Хинд долго молчал и наконец ответил со вздохом:
— Вроде говорил… А теперь вот не знаю…
Что
ему было сказать? Чего он хотел от ключницы?А когда он повернул голову, чтобы взглянуть на Паабу, девушки уж и след простыл, ушла в камору.
В груди у Хинда вспыхнула искра надежды. А что, если… И он, тихо радуясь, полез на колосники — думать.
А в каморе все стучал и стучал ткацкий стан.
Теперь он как-то особенно отдавался у Хинда в душе. Будто стук каблука, пробивающего лед.
Когда же наконец этот лед души тронется?
Он с тоской глядел в закоптелый потолок.
БУНТ
С юрьева дня на хуторе помимо Яака стали работать Ааду Кригуль с женой из Алатаре и девица по имени Элл, которую Хинд выговорил себе на лето, правда, с небольшими сомнениями, потому что ходили слухи, будто бы она нечиста на руку.

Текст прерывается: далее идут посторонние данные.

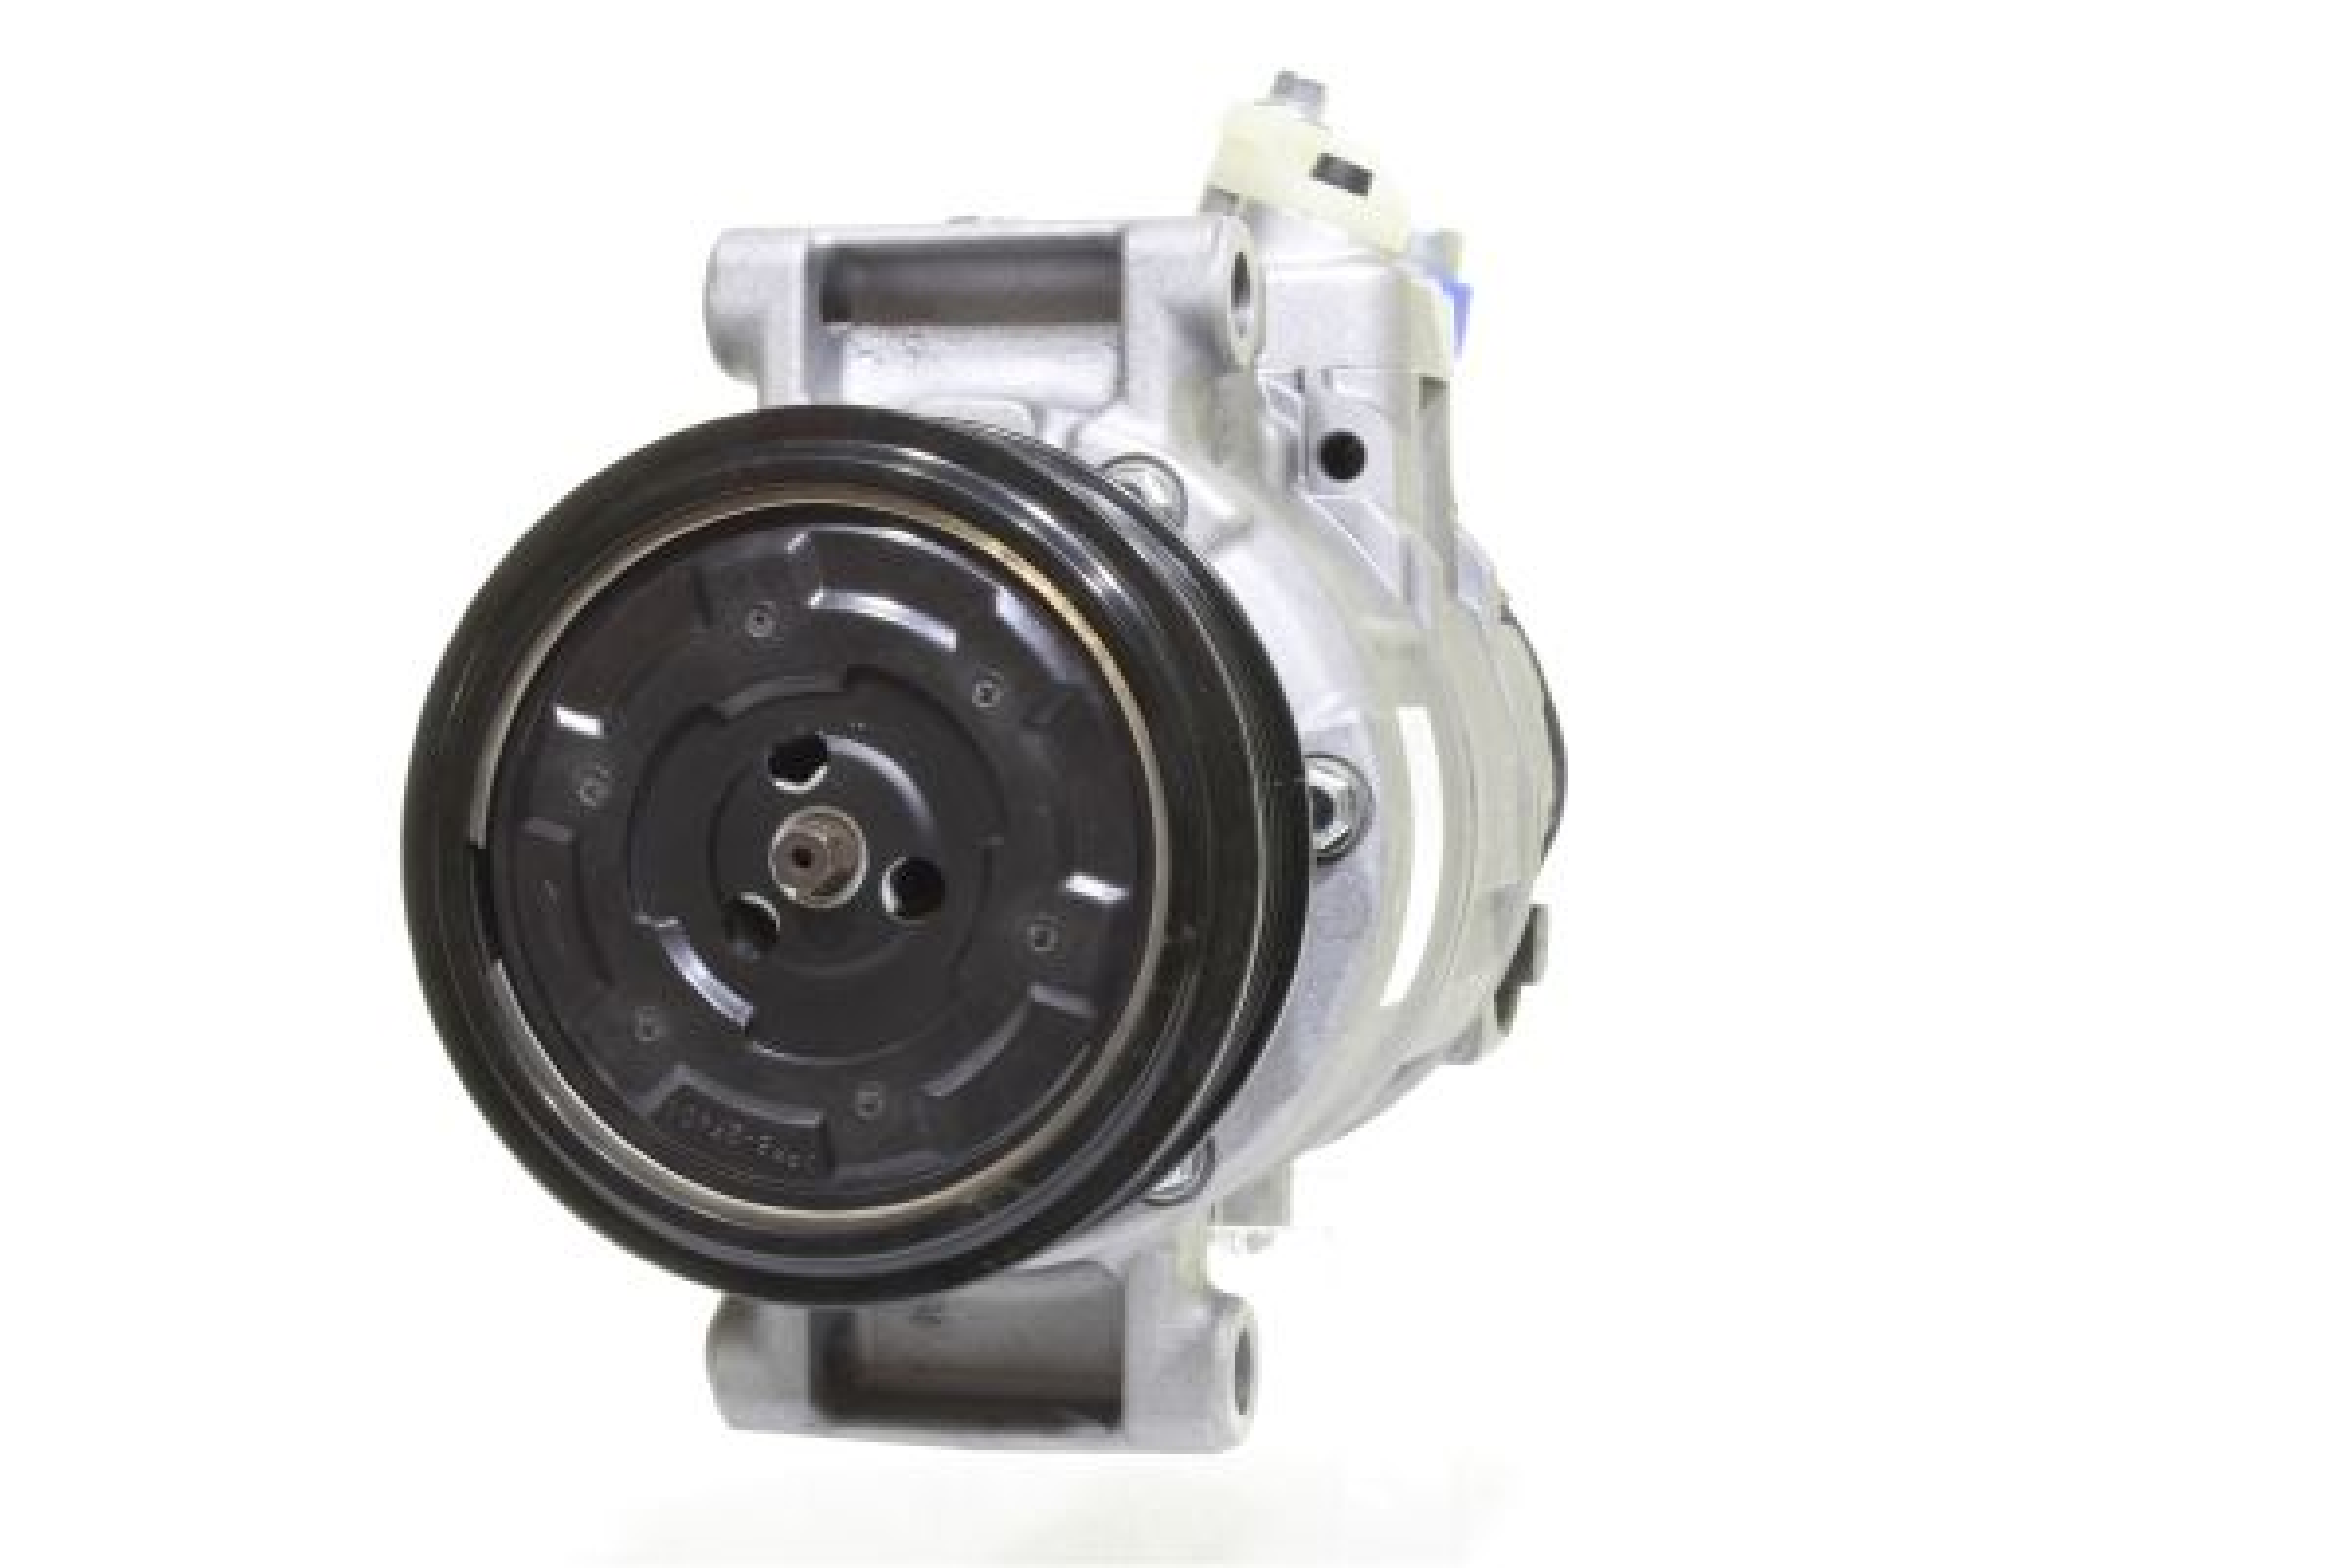 6SEU14C ALANKO PAG 46, Kältemittel: R 134a Riemenscheiben-Ø: 100mm Klimakompressor 10550934 günstig kaufen

Хинд не верил всяким деревенским сплетням: уж так повелось, что чем беднее человек, тем дурнее о нем слава.
Все, за что бы он теперь ни брался, приобретало в его глазах особенное значение. Может, даже чересчур. Это страшило и радовало одновременно. Страшила боязнь, что не справится. Радовали весна и искра надежды. И откуда она только взялась?

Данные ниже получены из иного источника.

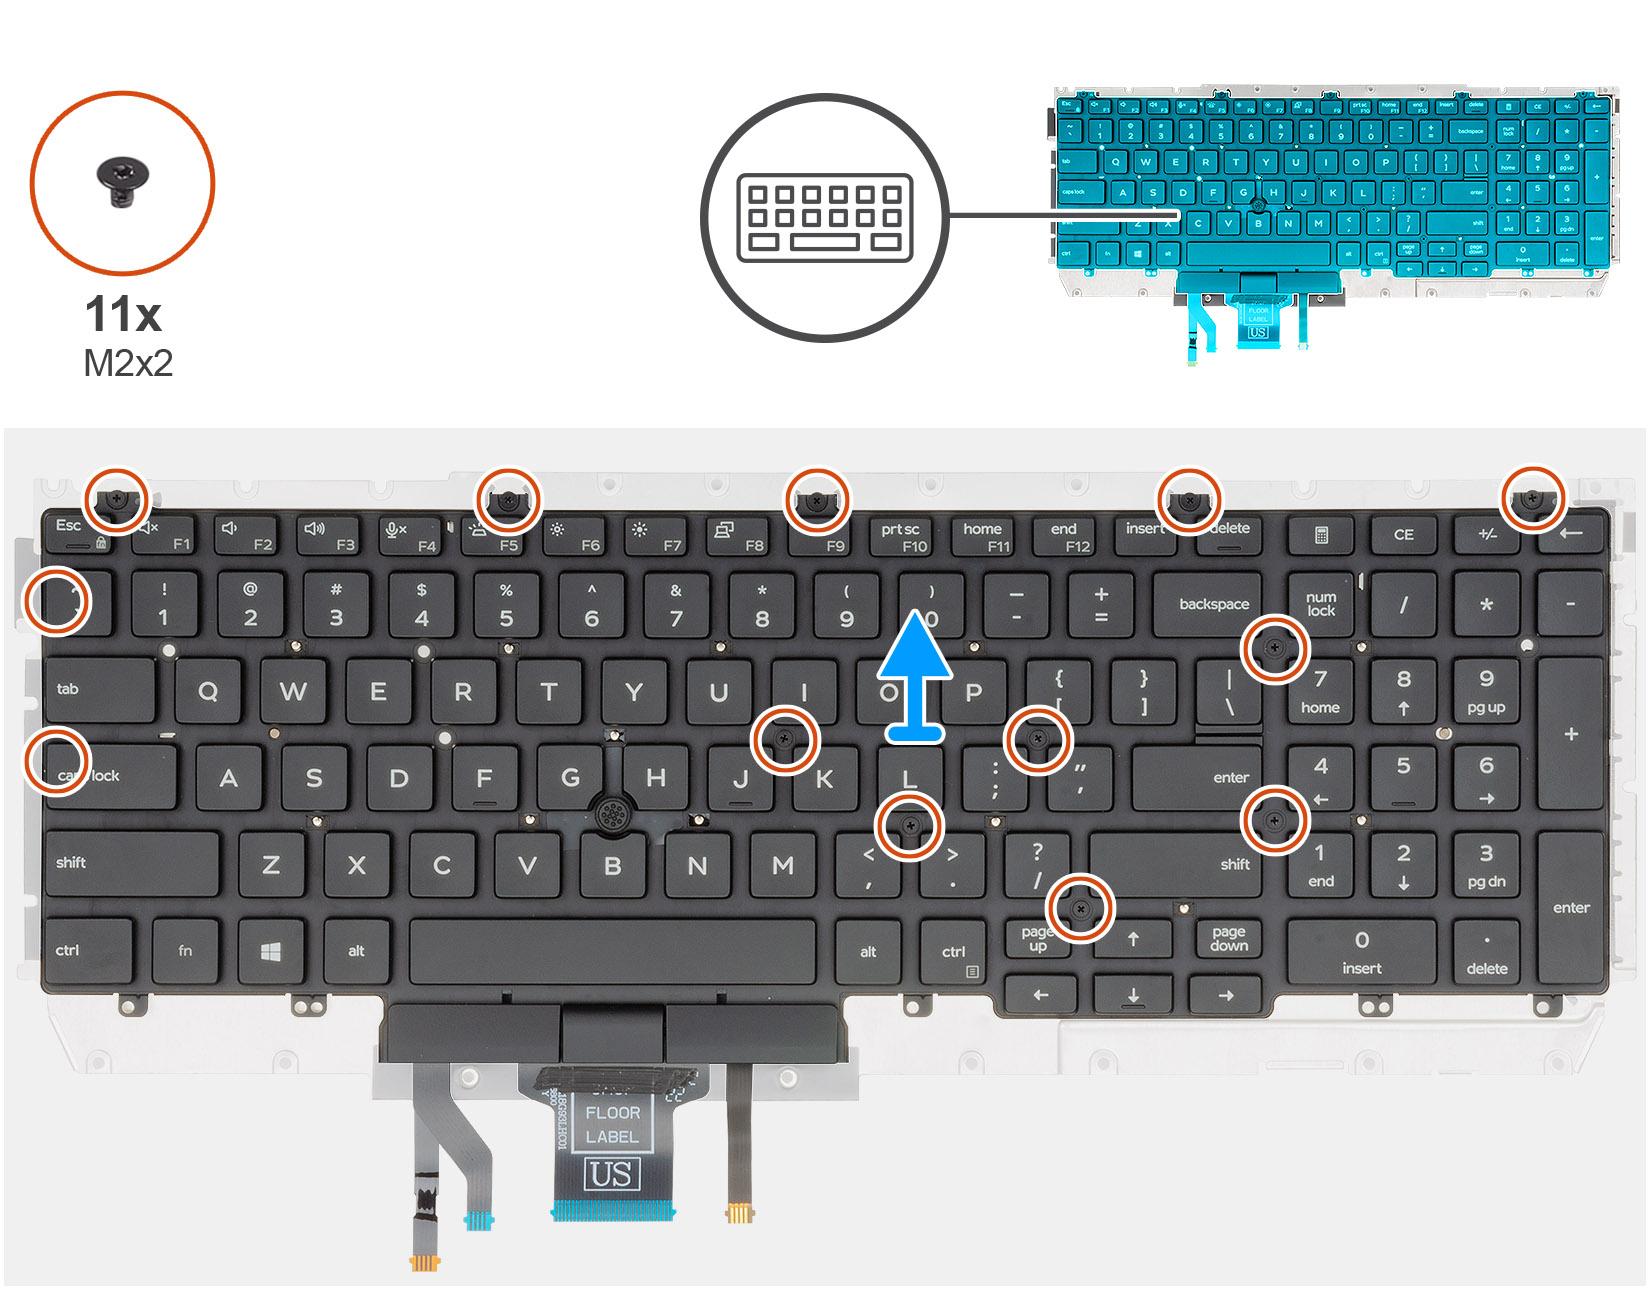 Removing the keyboard bracket

Между тем настало время весенних работ. Из Германии, невиданное дело, в мызу привезли новые плуги. В них и запрягли барщинников. Изголодавшиеся лошаденки еле ноги переставляли.
Яак отбыл на пахоте один день, вернулся вечером с мызы домой и, не проронив ни звука, завалился на койку.

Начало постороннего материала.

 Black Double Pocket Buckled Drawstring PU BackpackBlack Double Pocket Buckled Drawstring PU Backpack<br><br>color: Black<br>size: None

Утром он не вставал, как его ни будил хозяин.
Хинда заело. Он сдернул с батрака овчинную шубу и заорал
— Пора на работу идти!
Яак и ухом не повел, знай сопел дальше.
— Может, он захворал,— предположила Паабу.— Вчера даже к еде не притронулся.
— Притворство одно, а не болезнь, — процедил Хинд сквозь зубы и приподнял койку, чтобы стряхнуть Яака с постели.
Батрак уцепился за край.
— Дай поспать,— прорычал он.
— Ах, поспать! А кто на работу пойдет?!
— Сам пойдешь! — и Яак повернулся к нему спиной.
В глазах хозяина вспыхнула ярость. Он схватил батрака и попытался поднять его силой. Но Яак, поглядывая из-под
приспущенных ресниц, расслабился, и тяжелое тело выскользнуло у Хинда из рук.
Хозяин бился с ним долгое время. Но, так ничего и не добившись, оставил батрака в покое.
И, стиснув зубы, сам отправился с лошадьми на мызу.
Какой же он хозяин, если трудовое воинство его не слушается! Суд присудил Яаку выплатить пять рублей за Лаук, Хинд в знак примирения сшил батраку шубу. Ведь у Яака гоже жизнь не легкая, из года в год одно и то же.
Но то, что он выкинул сегодня, просто бунт.
И что самое страшное, батрак превосходил его силой, это было ясно уже тогда, на масленицу, когда Паабу уехала в церковь и они с Яаком остались вдвоем.
Может, все же надо было отказать Яаку в юрьев день? Но ведь работники на дороге не валяются. До сих пор Яак исправно выполнял все заданные ему работы, хотя хорошим работником его не назовешь.